Can somebody please help me understand ways I can attempt to find two functions f(x) and g(x) in which f(x) is in big O of g(x) but not big theta of g(x). I get that this is asking me to prove that f(x) isn't in big omega of g(x) but I really don't know where to start with this one. I tried to look for scenerios where there wouldn't be any positive constants. However, I had trouble doing that.
Asked By : tiredasalways
Answered By : Shreesh
One of the answers to your question: $f(n) = n$, and $g(n) = n^2$.
Then $f(n) = O(g(n))$ but not $\Theta(g(n))$. This is because $n^2$ is an upper bound on $n$ , for all $n \geq 0$, but it is not tight (actually we only need the inequality to be true for $n > N$ for some $N$, by the definition of $O()$).

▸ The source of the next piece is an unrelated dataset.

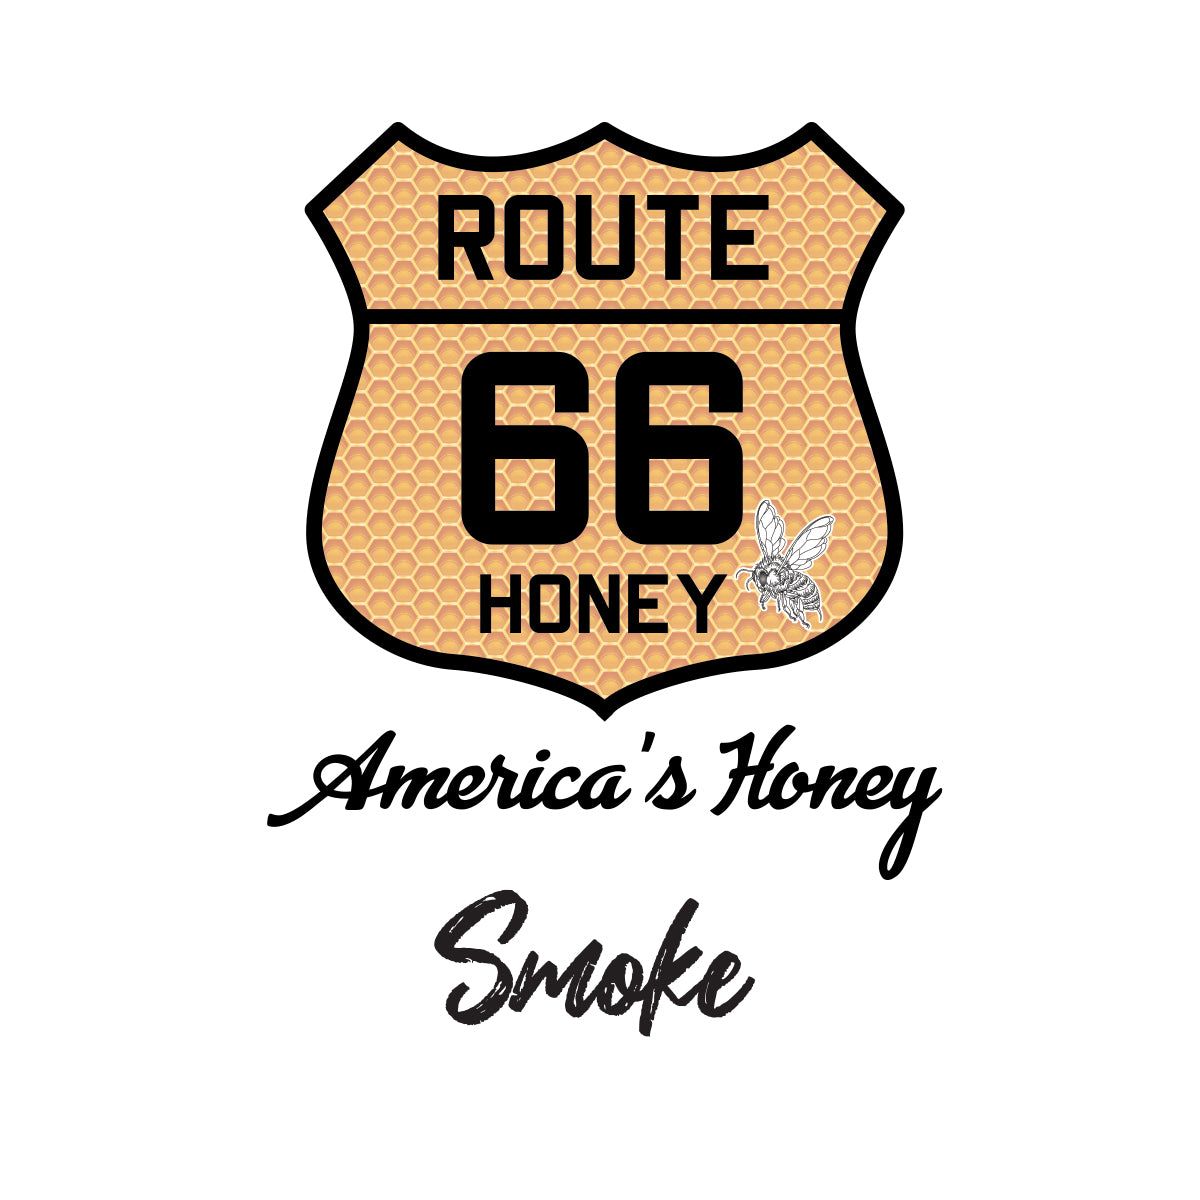 Smoked Honey

By saying that the bound is not tight, what we mean is that we do not have $cn^2 \leq n \leq c'n^2$, for large enough $n$'s (it should hold for all $n > N'$ for some $N'$ by the definition of $\Theta()$ if $n$ were $\Theta(n^2)$). Also $c$ and $c'$ are positive here and the following discussion.
Since $n^2$ is upper bound on $n$ it is easy to get $n \leq c'n^2$ part. But we can never get to the $cn^2 \leq n$ part. Even if we take $c$ very small,say 0.01 in the picture, at $n > 100$ it will not remain smaller. So we can never have $n$ between $cn^2$ and $c'n^2$ for all values $n>N'$. This is because we will always find some big number where $c'n^2$ will be above $n$.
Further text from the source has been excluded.